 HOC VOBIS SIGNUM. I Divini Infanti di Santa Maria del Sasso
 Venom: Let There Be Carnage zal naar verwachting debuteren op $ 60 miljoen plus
○ ○ ○ ○
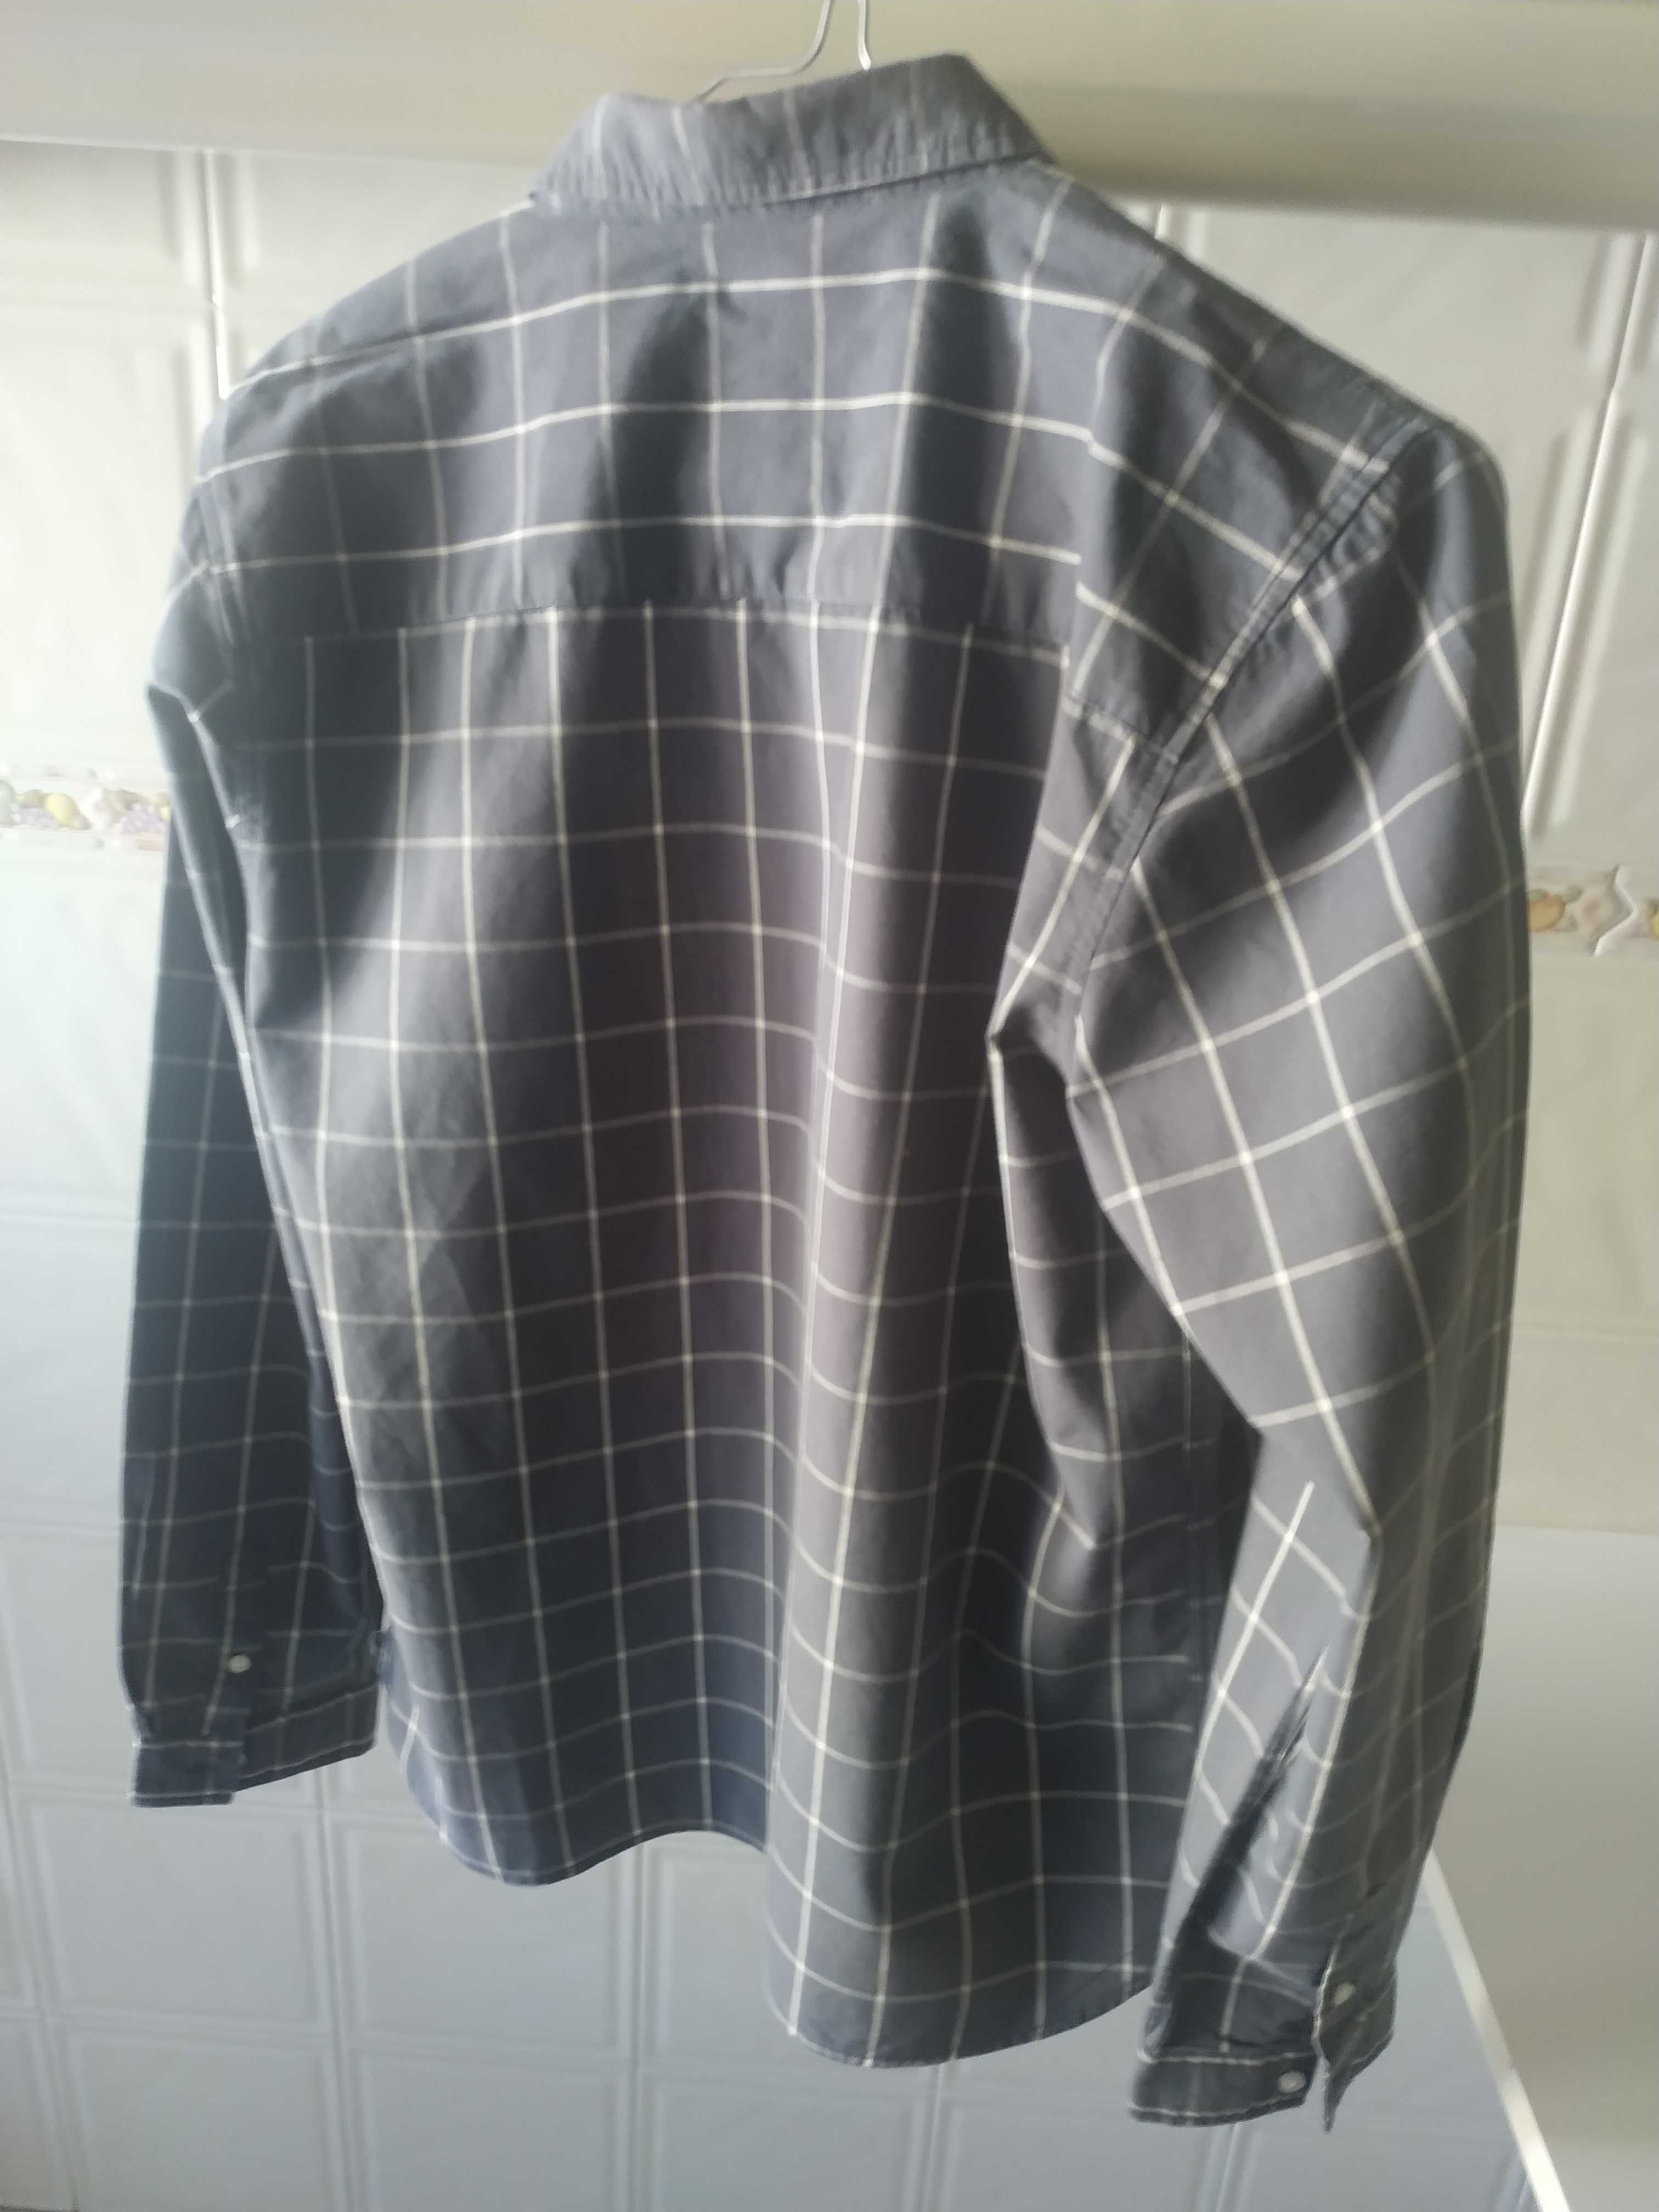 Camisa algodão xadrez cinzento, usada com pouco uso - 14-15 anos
○ ○ ○ ○
_Problem to work on_
Retype only the stretch of lines above starting at the one with "HOC VOBIS SIGNUM." and stopping at the one with "Venom: Let There", exactly as written, with both kept.

_Finished exercise_
 HOC VOBIS SIGNUM. I Divini Infanti di Santa Maria del Sasso
 Venom: Let There Be Carnage zal naar verwachting debuteren op $ 60 miljoen plus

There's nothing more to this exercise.